- _TASK TO COMPLETE_
Starting with the line that holds "49+] Anonymous Logo", reproduce each line through the last one of the data, exactly as written. Pictures are not copied.

- _INFORMATION PROVIDED_
· · · · · · ·

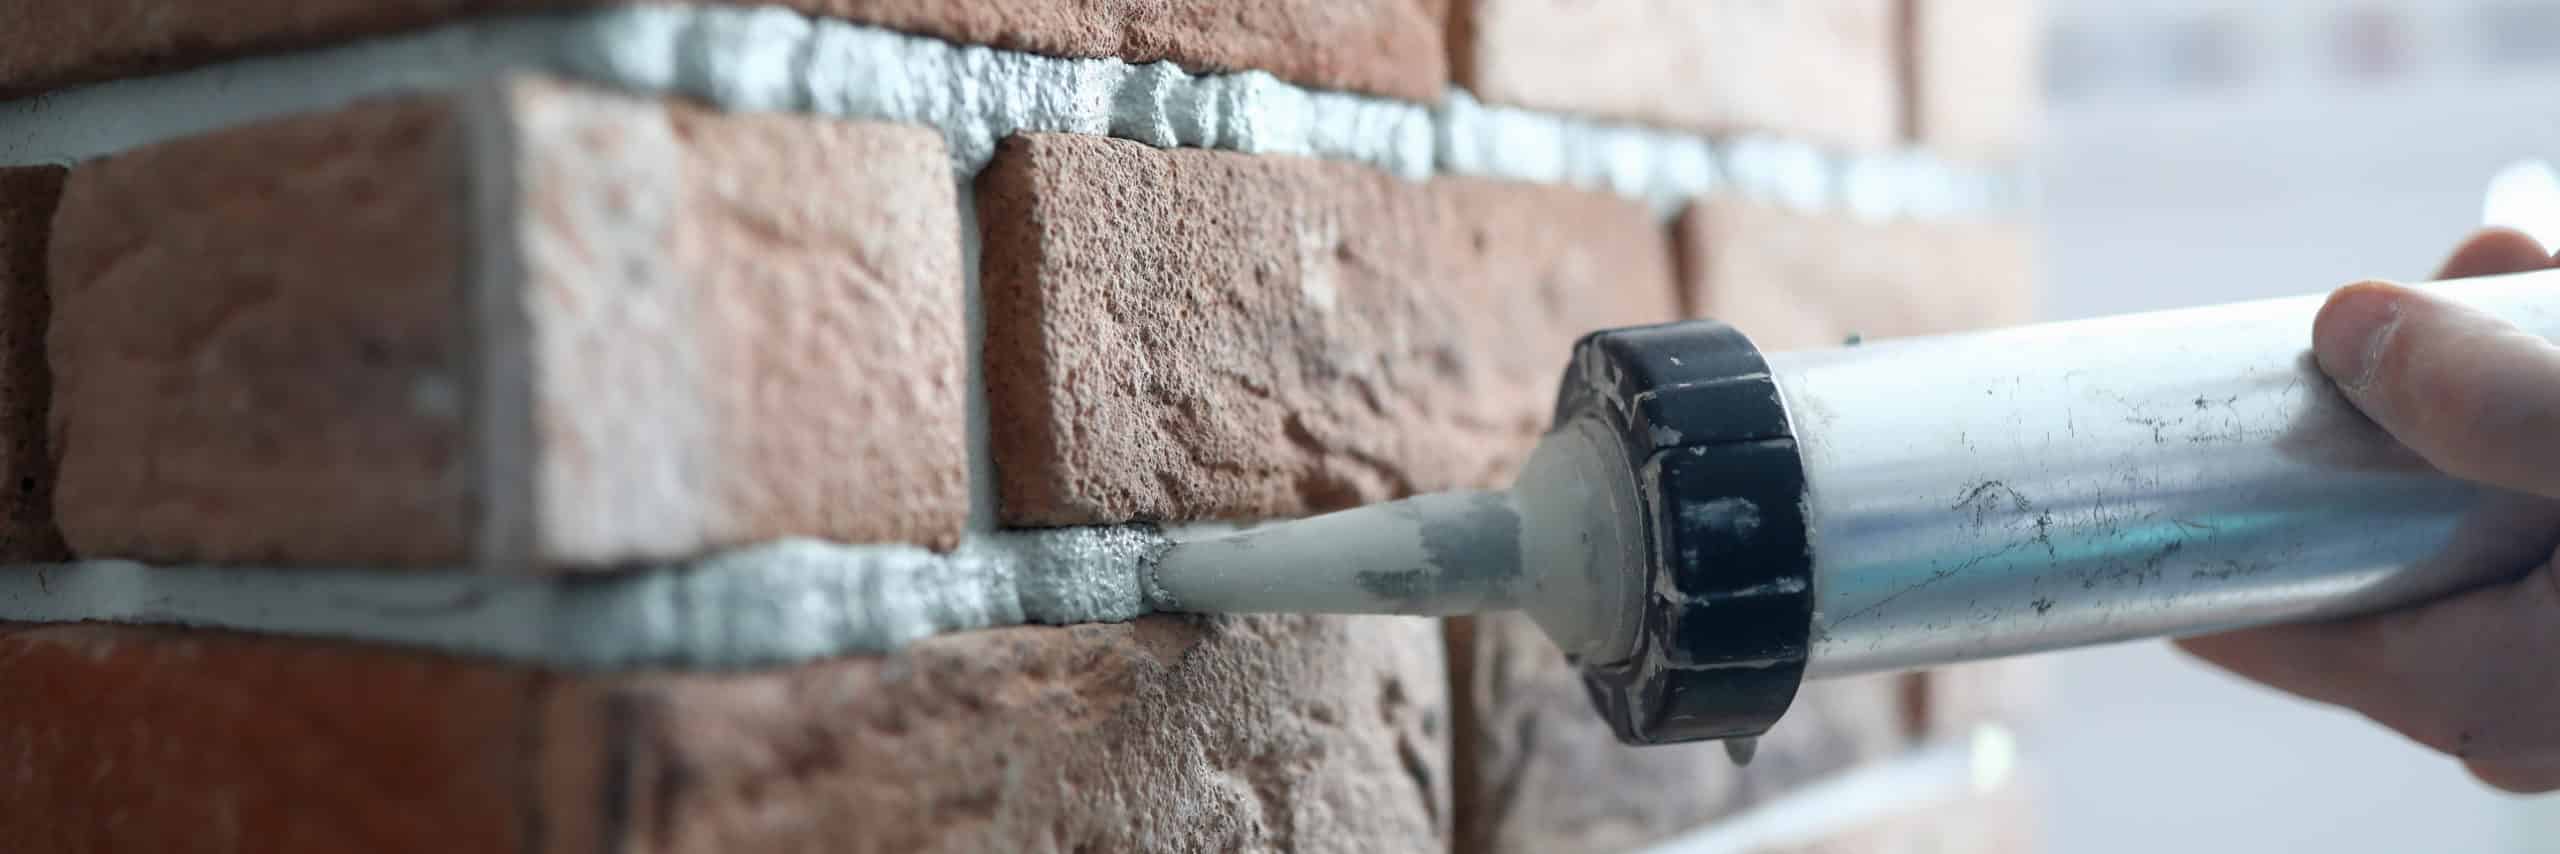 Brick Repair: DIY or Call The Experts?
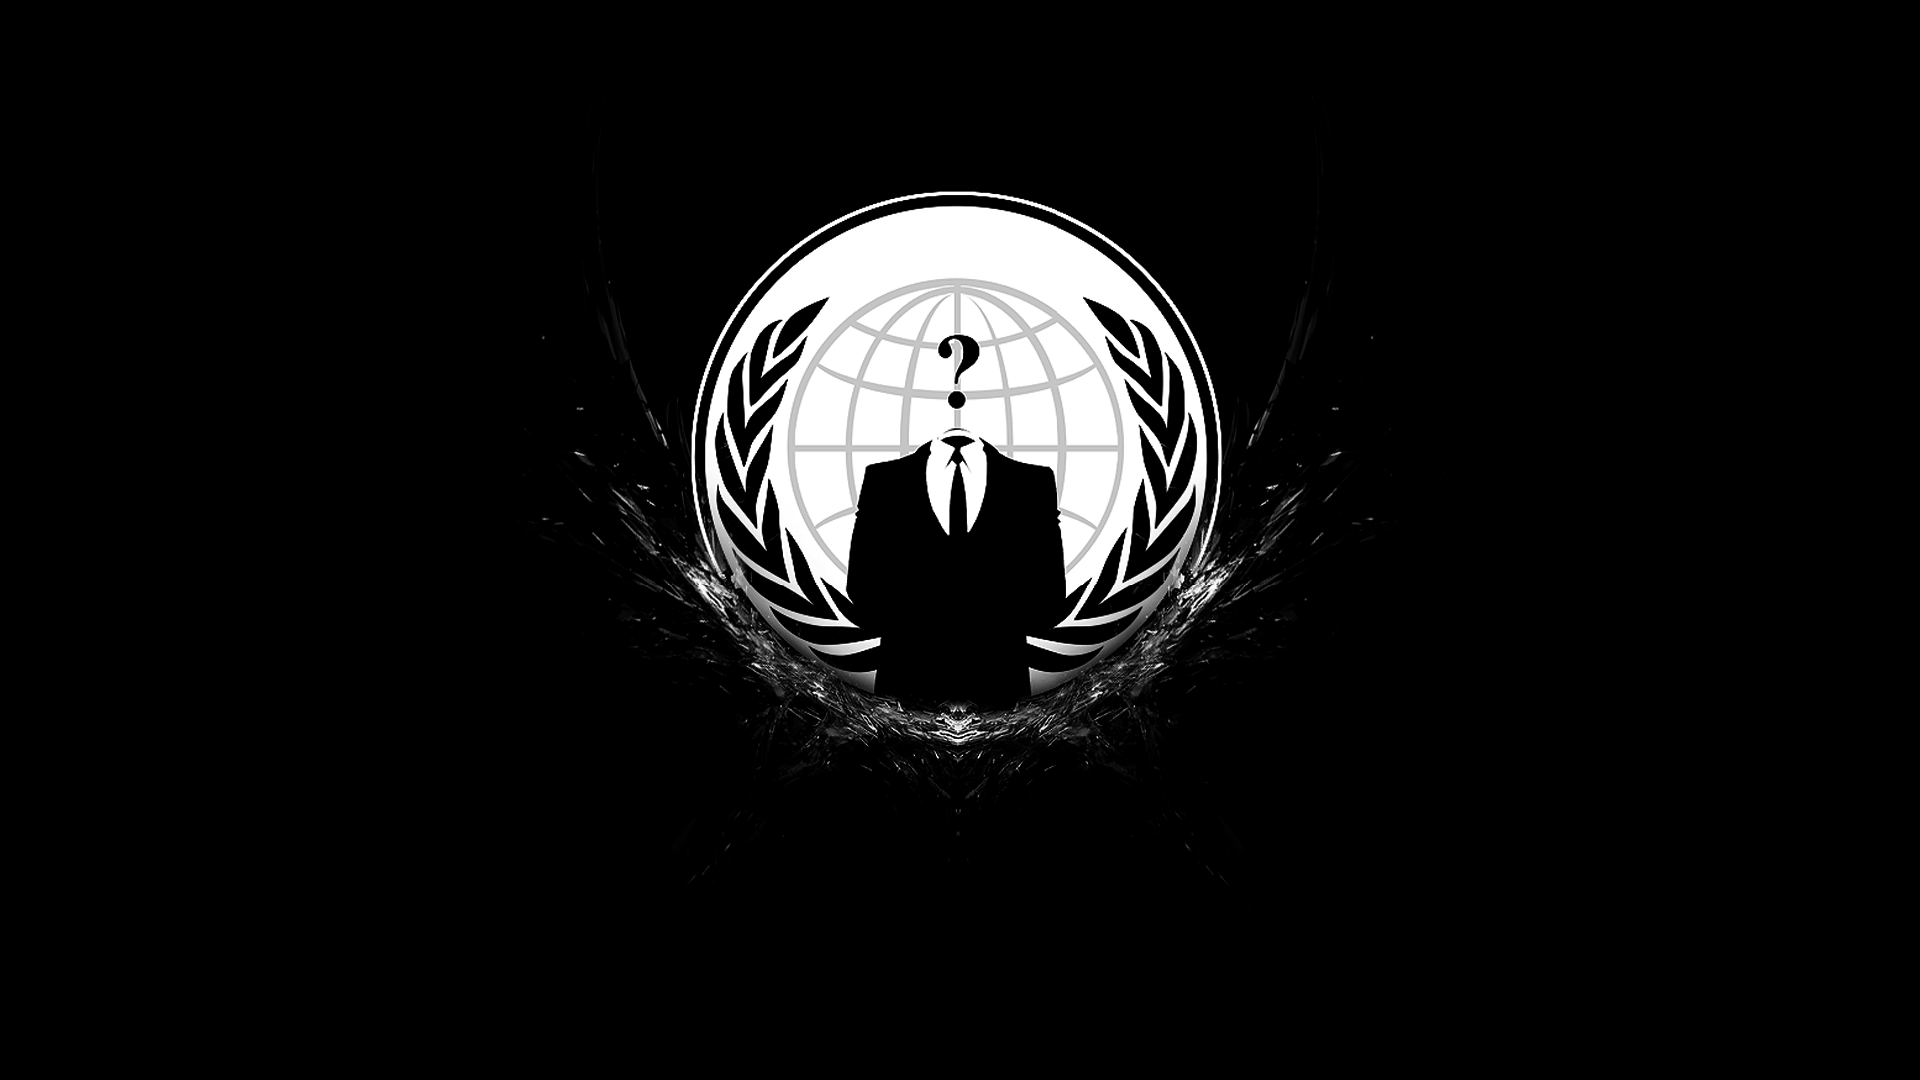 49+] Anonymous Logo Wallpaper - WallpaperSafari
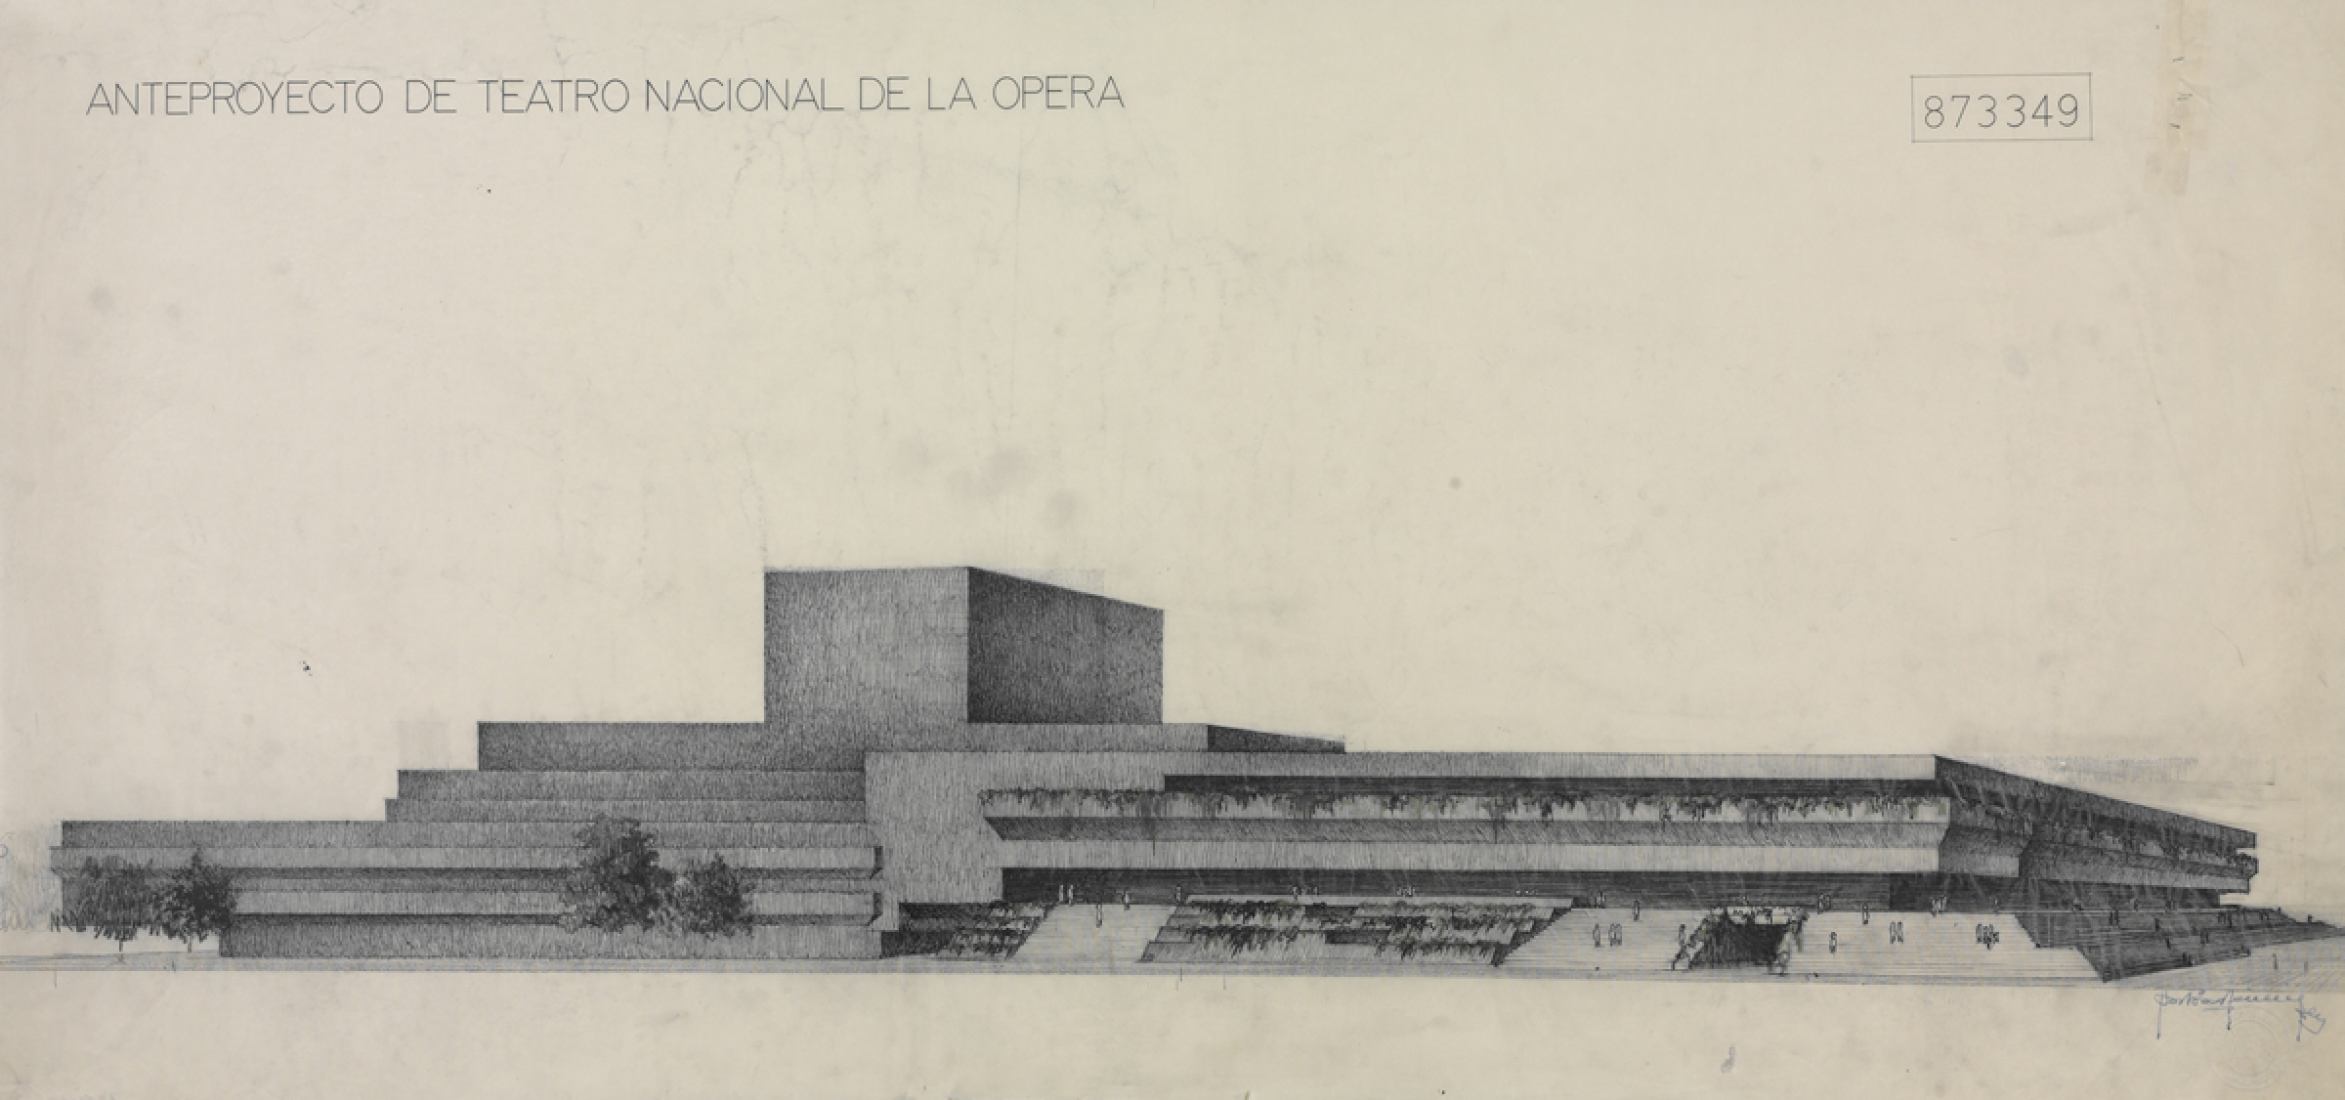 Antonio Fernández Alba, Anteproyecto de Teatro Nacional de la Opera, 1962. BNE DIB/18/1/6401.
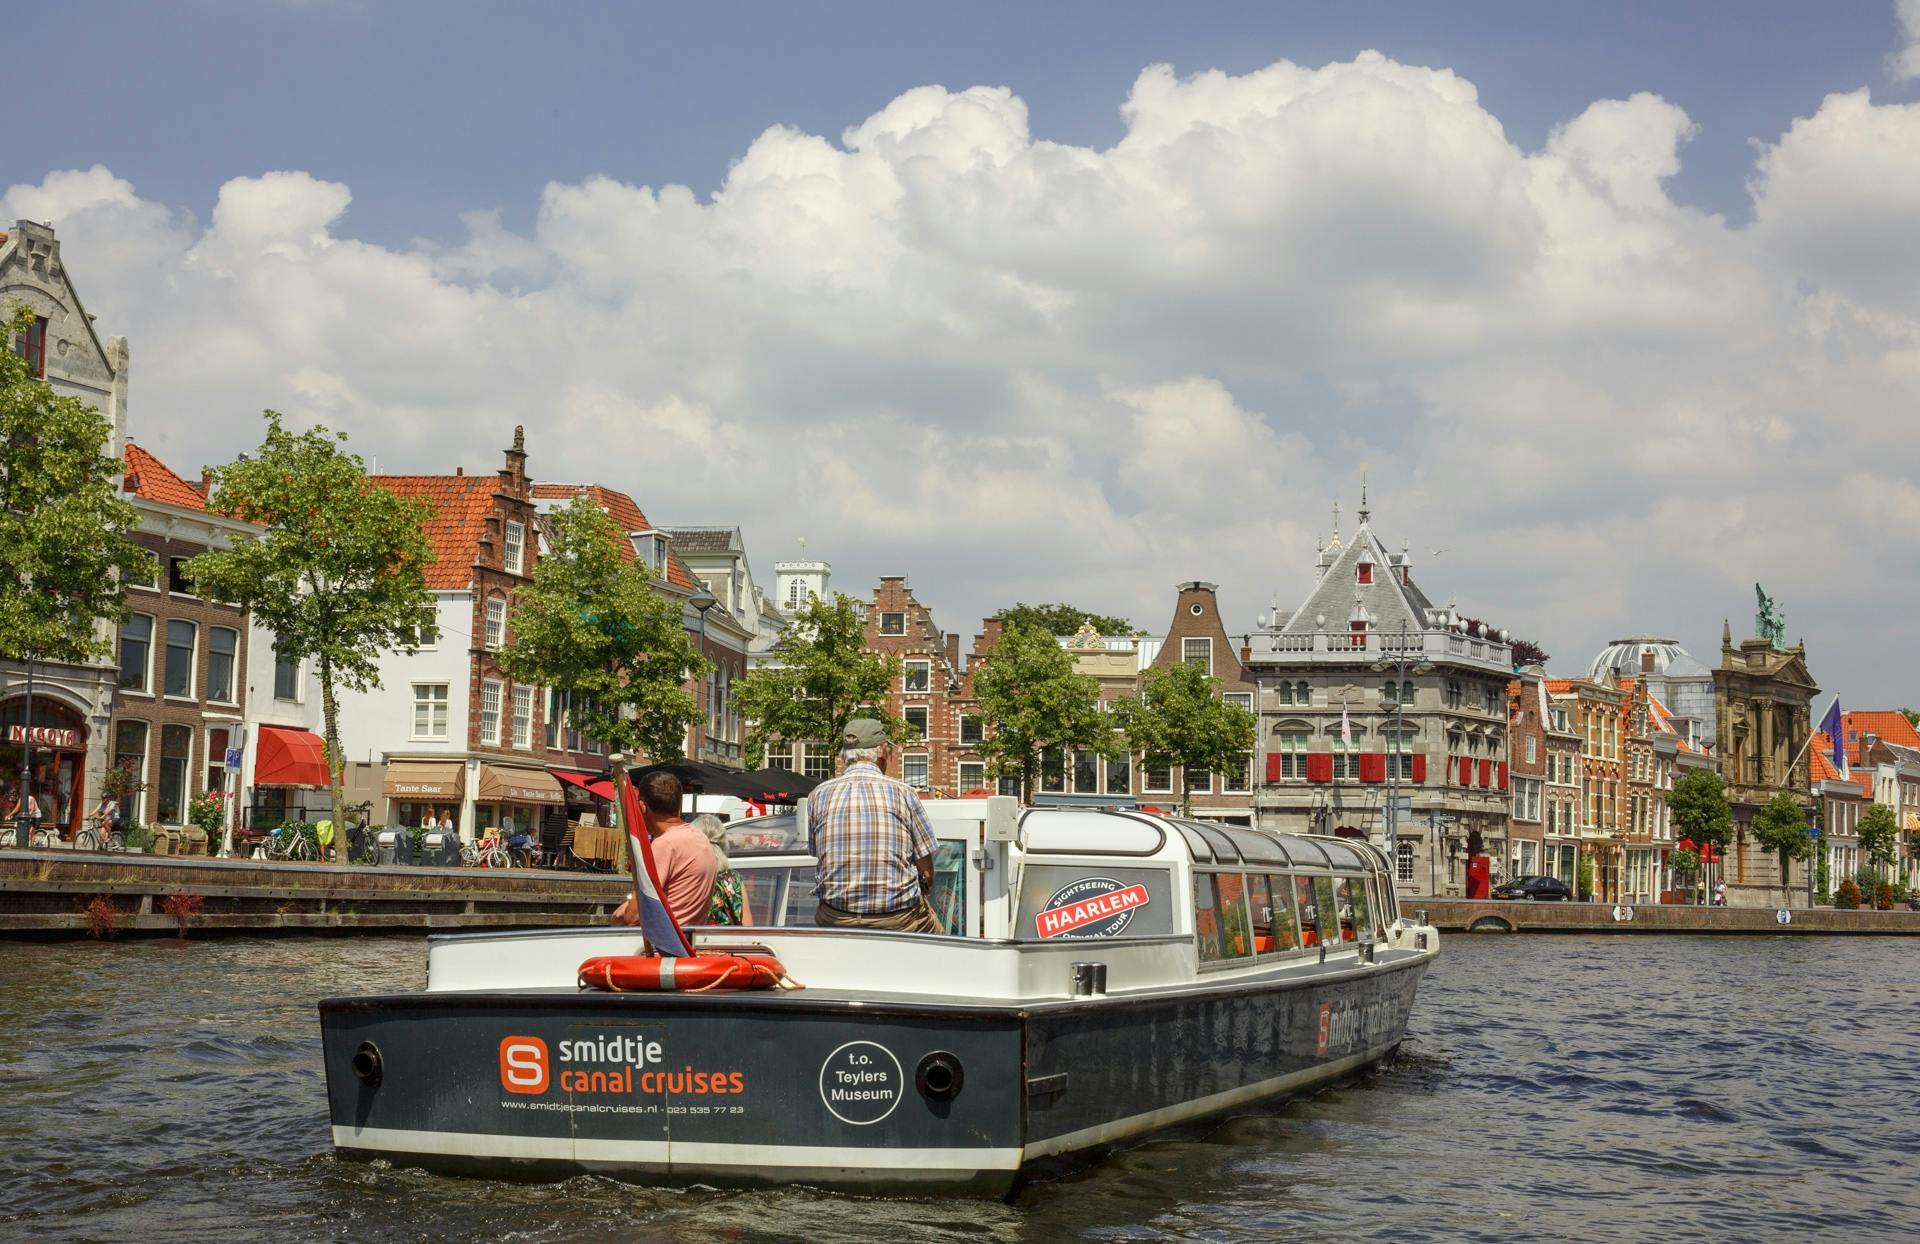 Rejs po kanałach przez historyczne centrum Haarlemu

· · · · · · ·

- _RESULT OF THIS TASK_
 49+] Anonymous Logo Wallpaper - WallpaperSafari
 Antonio Fernández Alba, Anteproyecto de Teatro Nacional de la Opera, 1962. BNE DIB/18/1/6401.
 Rejs po kanałach przez historyczne centrum Haarlemu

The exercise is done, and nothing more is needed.